The gluey taste of death. Great.

Jaina Mitra was showing me something real, and it ran a little ragged, and it made me like her a little more. Like, two percent more.

She laid her hands flat on her notebook. “I’d like to study your starter.”

“I don’t think it’s going to solve your problem.” I said it as lightly as I could.

Her face was a mask of control. “It might. Please. We could work together.” She was suddenly sweet and solicitous, and it was very strange. She should have stayed sharp and brusque. She should have commanded: Let me work with that muck of yours! I would have complied in a moment.

THE SLURRY FACTORY

IT WAS THE DAY BEFORE the Marrow Fair’s grand opening, and I was relaxing at my workstation, satisfied with my ability to produce enough sourdough, wasting time on the internet, and still thinking about Jaina Mitra’s offer when she appeared again to announce she wanted to show me something that could, or should, influence my decision. It involved a car trip, and could I take the afternoon off? I accepted. I had the feeling, suddenly, that I’d been down in the darkness of the depot for too long.

A year in California and I’d rarely been south of Daly City, never stepped foot in San Jose, and barely contemplated the existence of the San Joaquin Valley.

Driving down California State Route 99 in the passenger seat of Jaina Mitra’s blue Tesla, the rightmost lane was taken up completely by semis hauling trailers, and beyond them endless orchards, silvery olive trees alternating with spiky almond trees, solid green to the horizon.

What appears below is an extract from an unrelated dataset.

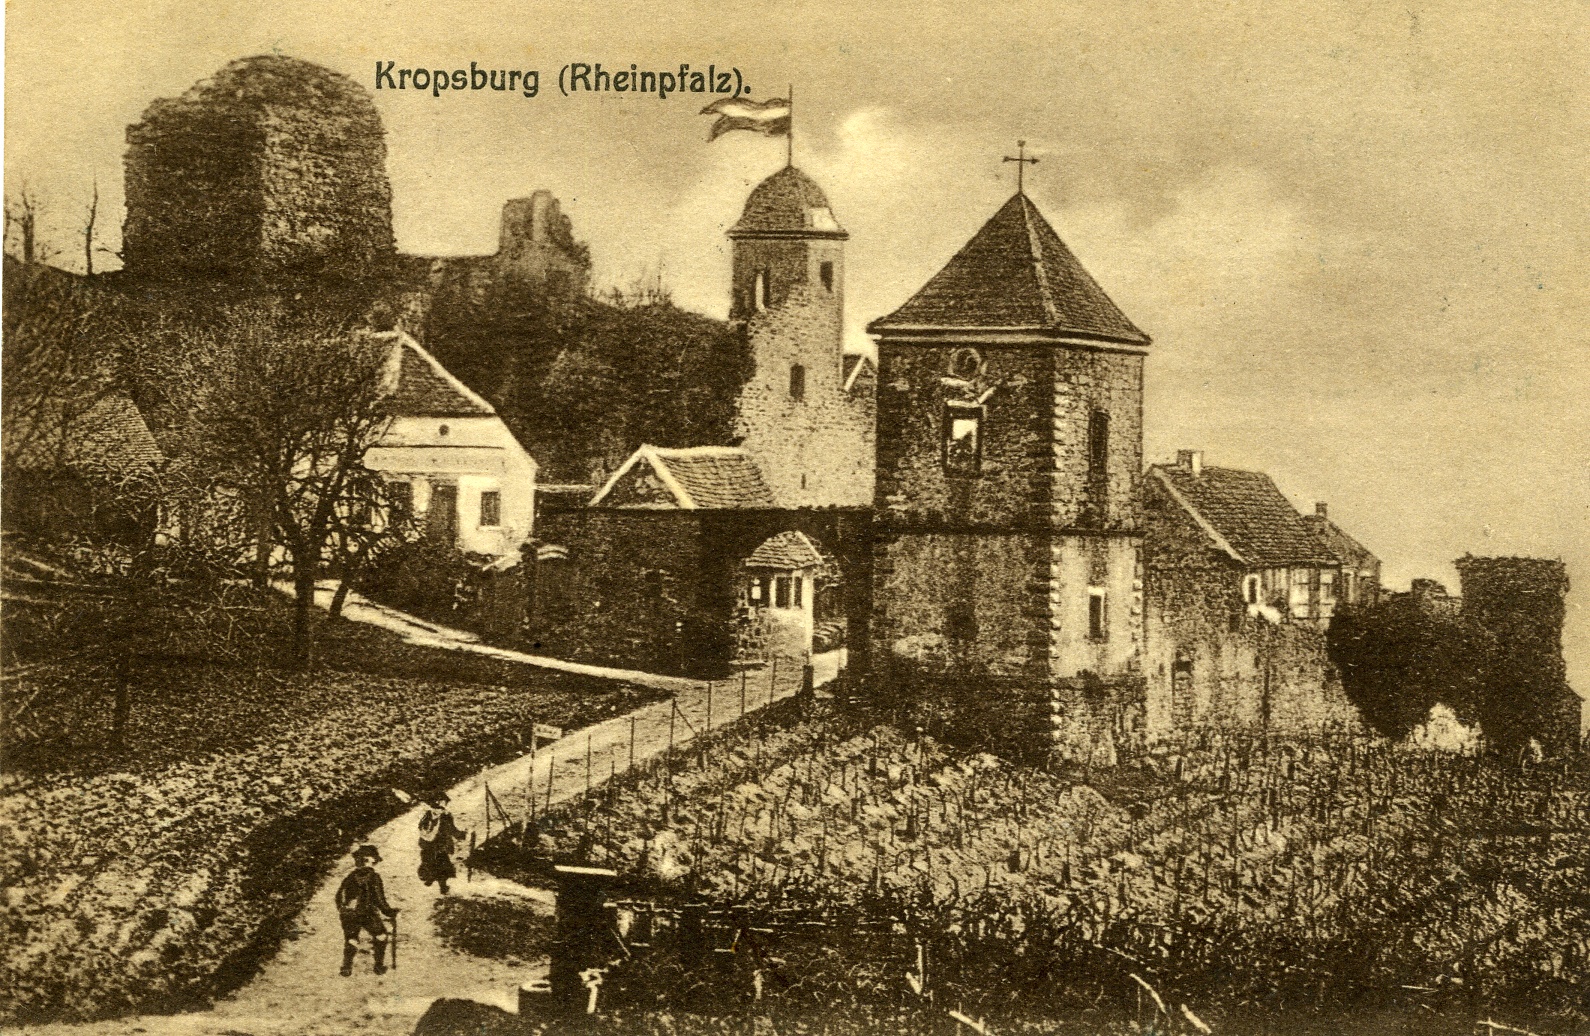 Postkarte 1925 (Historisches Museum der Pfalz, Speyer CC BY)

The San Joaquin Valley’s existence was confirmed.

We watched a pickup truck with a portable toilet in its bed crawling along an access road, keeping pace with the pickers who were sweeping across the field in a loose line.

There were structures that poked out in places: immense, featureless white warehouses, like big-box stores before any branding had been applied. We saw grain elevators, smelled feedlots.

Jaina Mitra eased onto an exit ramp and turned onto a long, straight road called Avenue 16. We passed a neon-green tractor lumbering on the shoulder and I waved to its driver, who waved back. Farther up, we watched a small plane fly in low arcs over a vast field of pistachio trees, leaving a trail of pink vapor. I fumbled with the Tesla’s control panel and set the AC to recirculate.

We turned off Avenue 16 onto Road 23. There were too many long, straight roads out here to bother with names.

A semi was rattling up the road, coming in the opposite direction. The trailer it hauled was painted bright green, and as it passed, I saw a familiar logotype rendered in crisp white. That semi was hauling nutritive gel.

This was Slurry country.

The facility was ahead. It was enormous, one mile square, a tangle of towering vats with pipes and valves embroidering their surfaces, all of it bounded by loading docks where more bright green trailers were waiting. Train tracks ran straight through the facility; Slurry could be lowered in containers directly onto freight cars and hauled away to Chicago or New York or the Port of Oakland and points beyond.